DATA SHOWN:
────────────────

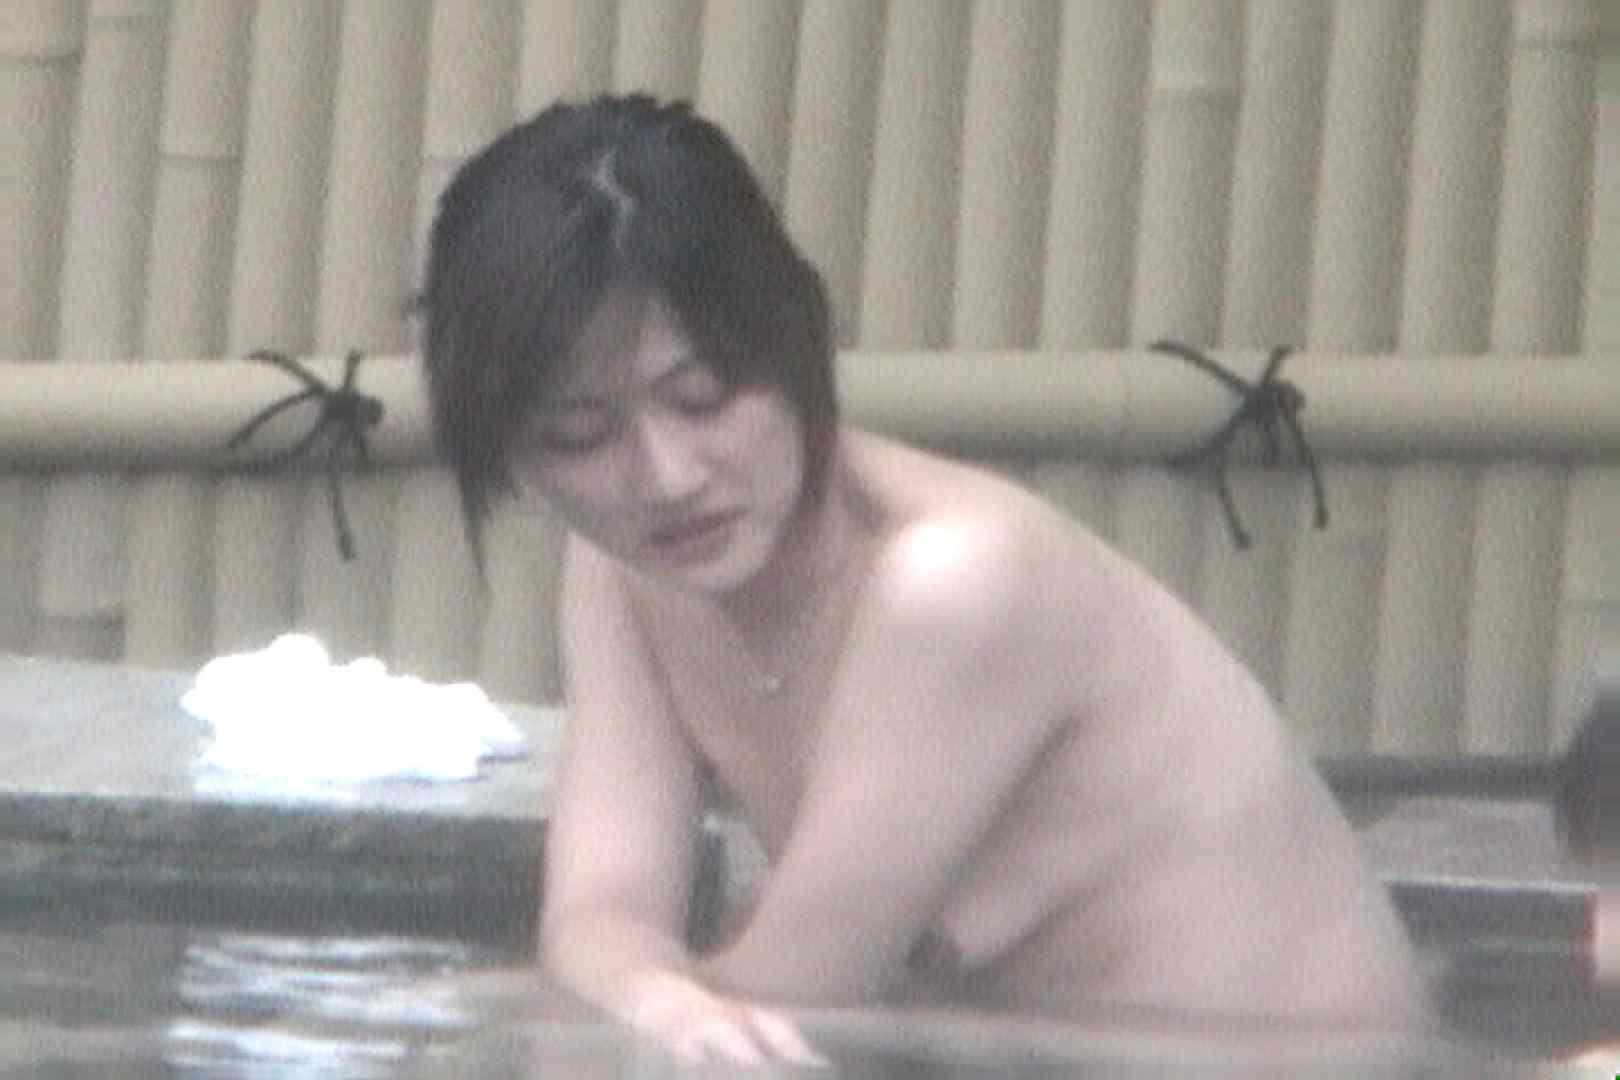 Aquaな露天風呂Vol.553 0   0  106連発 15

────────────────

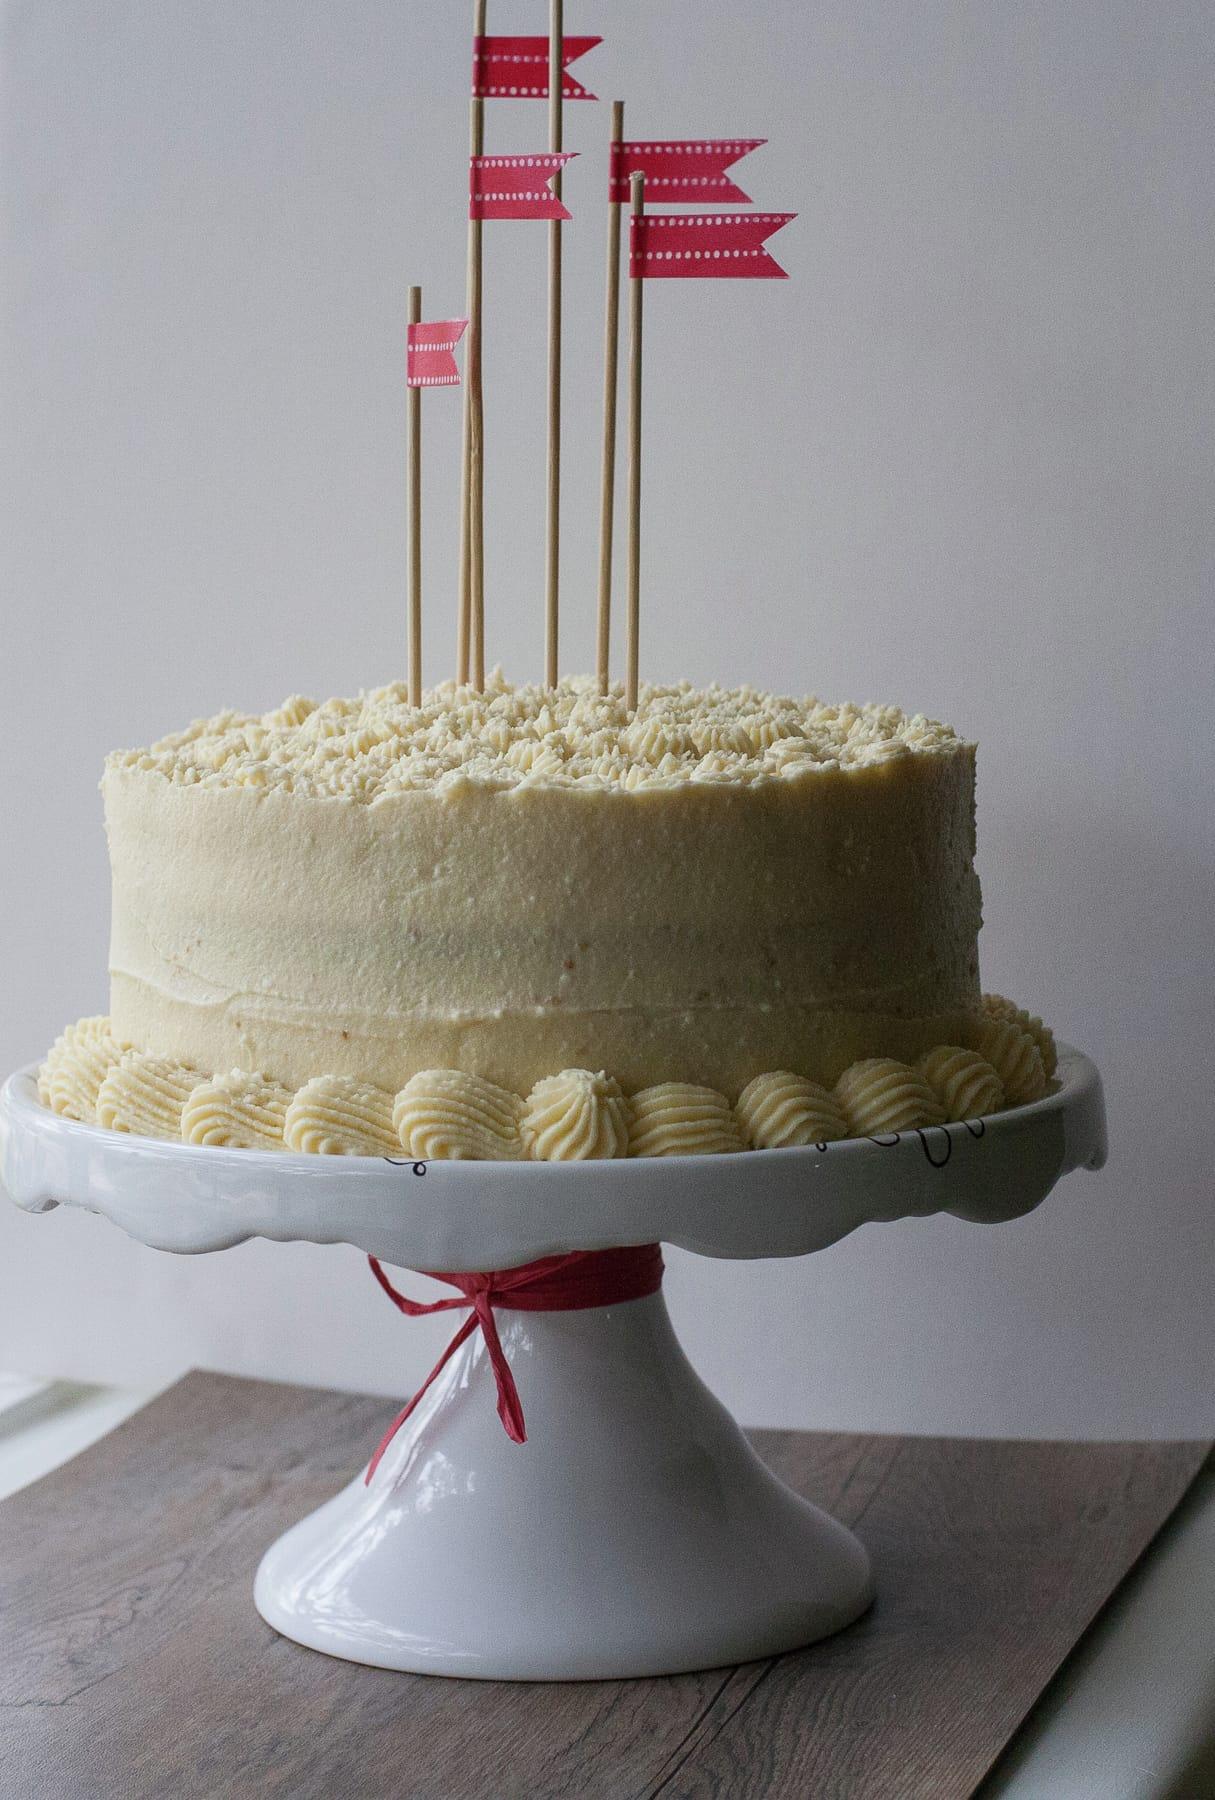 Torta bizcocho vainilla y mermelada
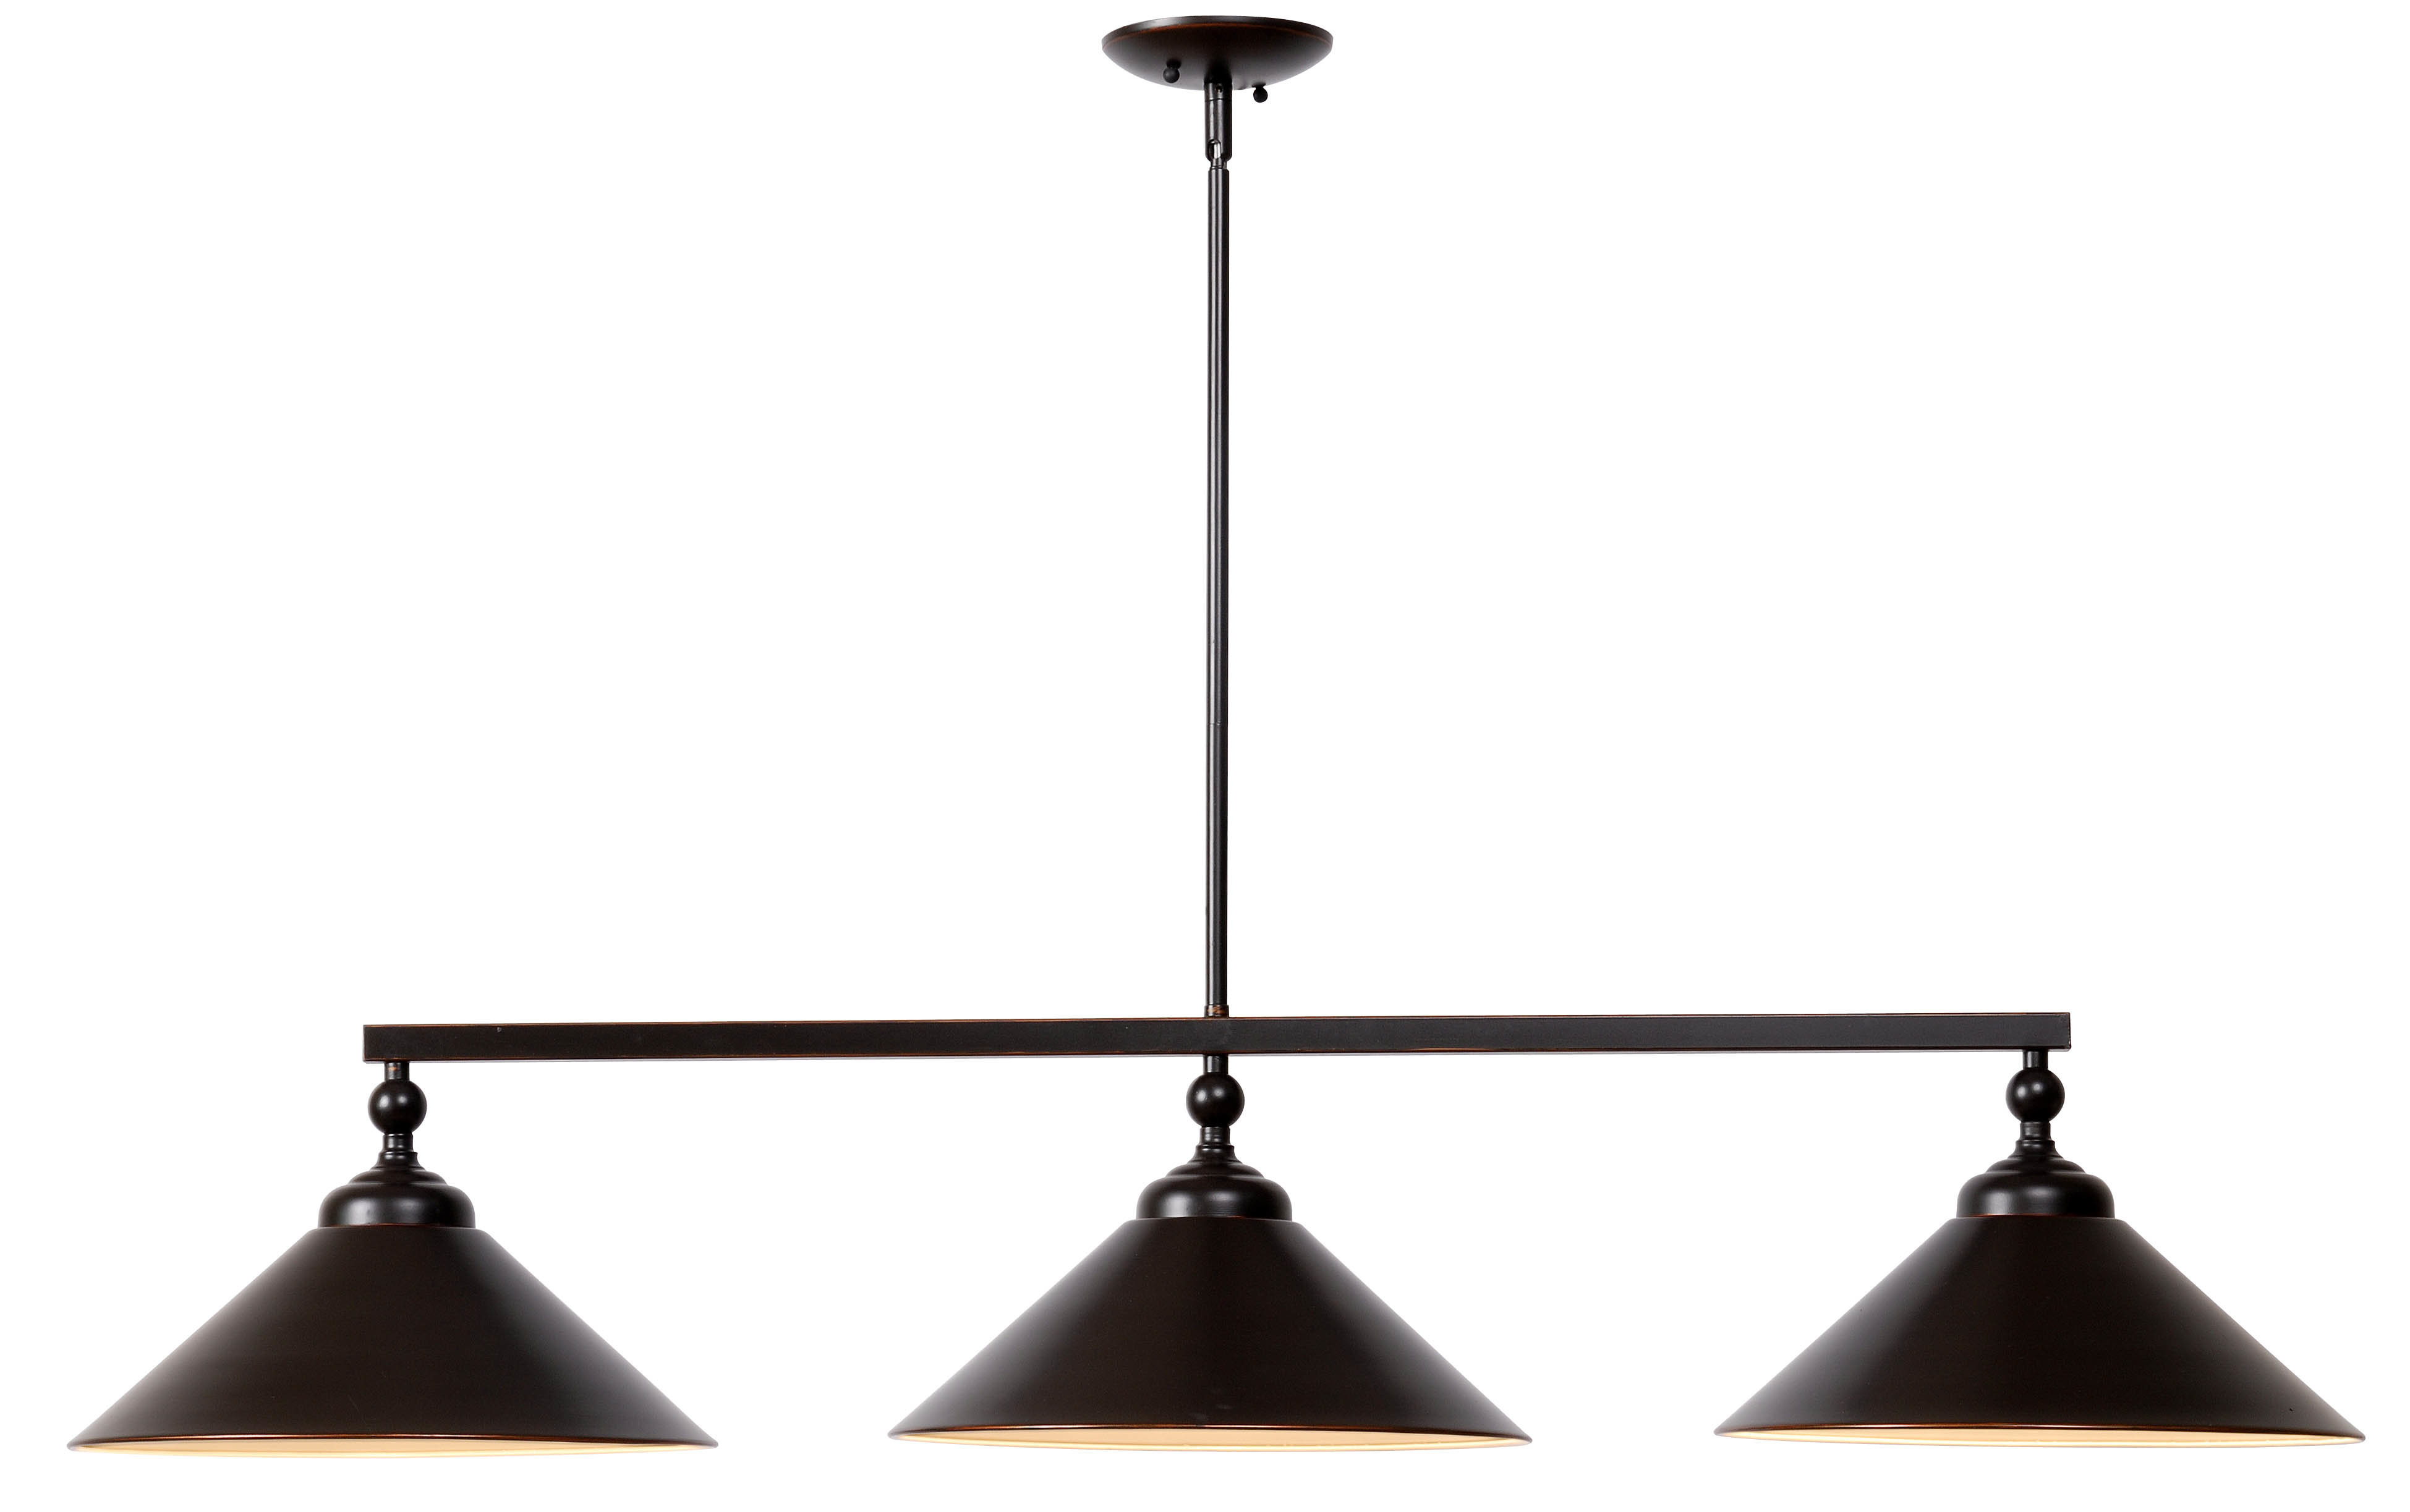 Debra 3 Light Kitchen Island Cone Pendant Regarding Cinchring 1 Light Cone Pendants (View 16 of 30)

────────────────

In the listing above, find the line containing "Torta bizcocho vainilla y mermelada" and the line containing "Debra 3 Light", then return both of them and every line between, exactly, without pictures.

 Torta bizcocho vainilla y mermelada
 Debra 3 Light Kitchen Island Cone Pendant Regarding Cinchring 1 Light Cone Pendants (View 16 of 30)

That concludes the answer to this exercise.